В такой критической ситуации многие надеялись на армию. Однако позиция министра обороны В. Кадиевича была достаточно противоречивой: с одной стороны, он разрабатывал планы военного переворота, а с другой – был нерешительным, отстаивал мирные пути разрешения споров, опираясь исключительно на конституцию. К 12 марта 1991 г. Верховное командование ЮНА оценило положение в стране как начало гражданской войны и на заседании Президиума СФРЮ и Генерального штаба потребовало ввести чрезвычайное положение на всей территории страны, объявить мобилизацию, разоружить нелегальные вооруженные формирования, а спорные вопросы решать путем переговоров. Но Президиум в это время уже был неспособен принимать решения. Боле того, предложения министра обороны вызвали негативную реакцию большинства его членов. Крайне жестко воспротивился этим мерам С. Месич. Он подчеркнул, что ситуация надуманна сербским руководством, что нет никаких предпосылок для введения чрезвычайного положения, особенно в Хорватии. Он пригрозил даже всеобщей мобилизацией в республике. Резко против был В. Тупурковски из Македонии. Не поддержал предложения В. Кадиевича и представитель Черногории.

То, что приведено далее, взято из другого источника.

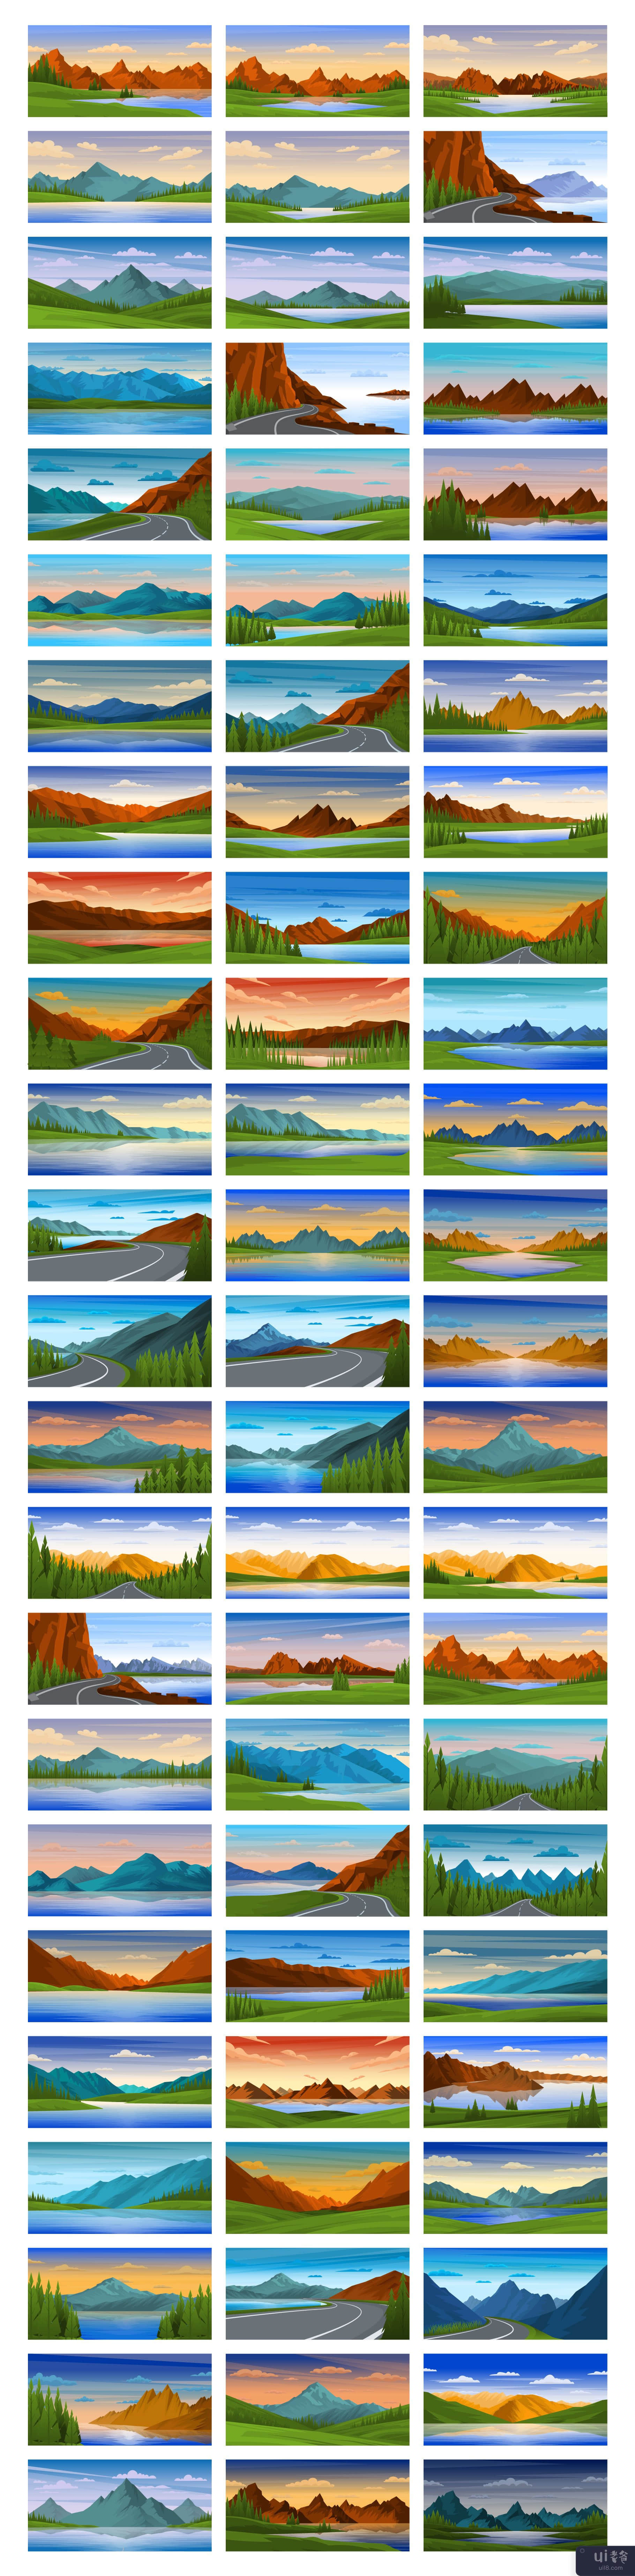 250个美丽的山背景(250 Beautiful Mountain Backgrounds)插图9

И всё же в стране еще многим казалось, что ситуацию можно спасти. На заседании Президиума СФРЮ 25 декабря 1990 г. было решено приступить к открытому обсуждению отношений в югославской федерации и политического будущего страны. С 10 января по 28 февраля 1991 г. состоялись три заседания Президиума СФРЮ совместно с представителями всех республик, а параллельно в период с 18 января по 1 марта – 11 двусторонних встреч республиканских делегаций: Сербии и Черногории, БиГ и Хорватии, Сербии и БиГ, Хорватии и Черногории, Сербии и Словении, БиГ и Черногории, Хорватии и Сербии, БиГ и Словении, БиГ и Македонии, Словении и Македонии, Хорватии и Македонии. Результатом этих встреч, многочасовых дискуссий стало четкое разграничение позиций руководства республик, непреодолимое различие взглядов сторонников федерации (Сербия, Черногория) и конфедерации (Словения, Хорватия).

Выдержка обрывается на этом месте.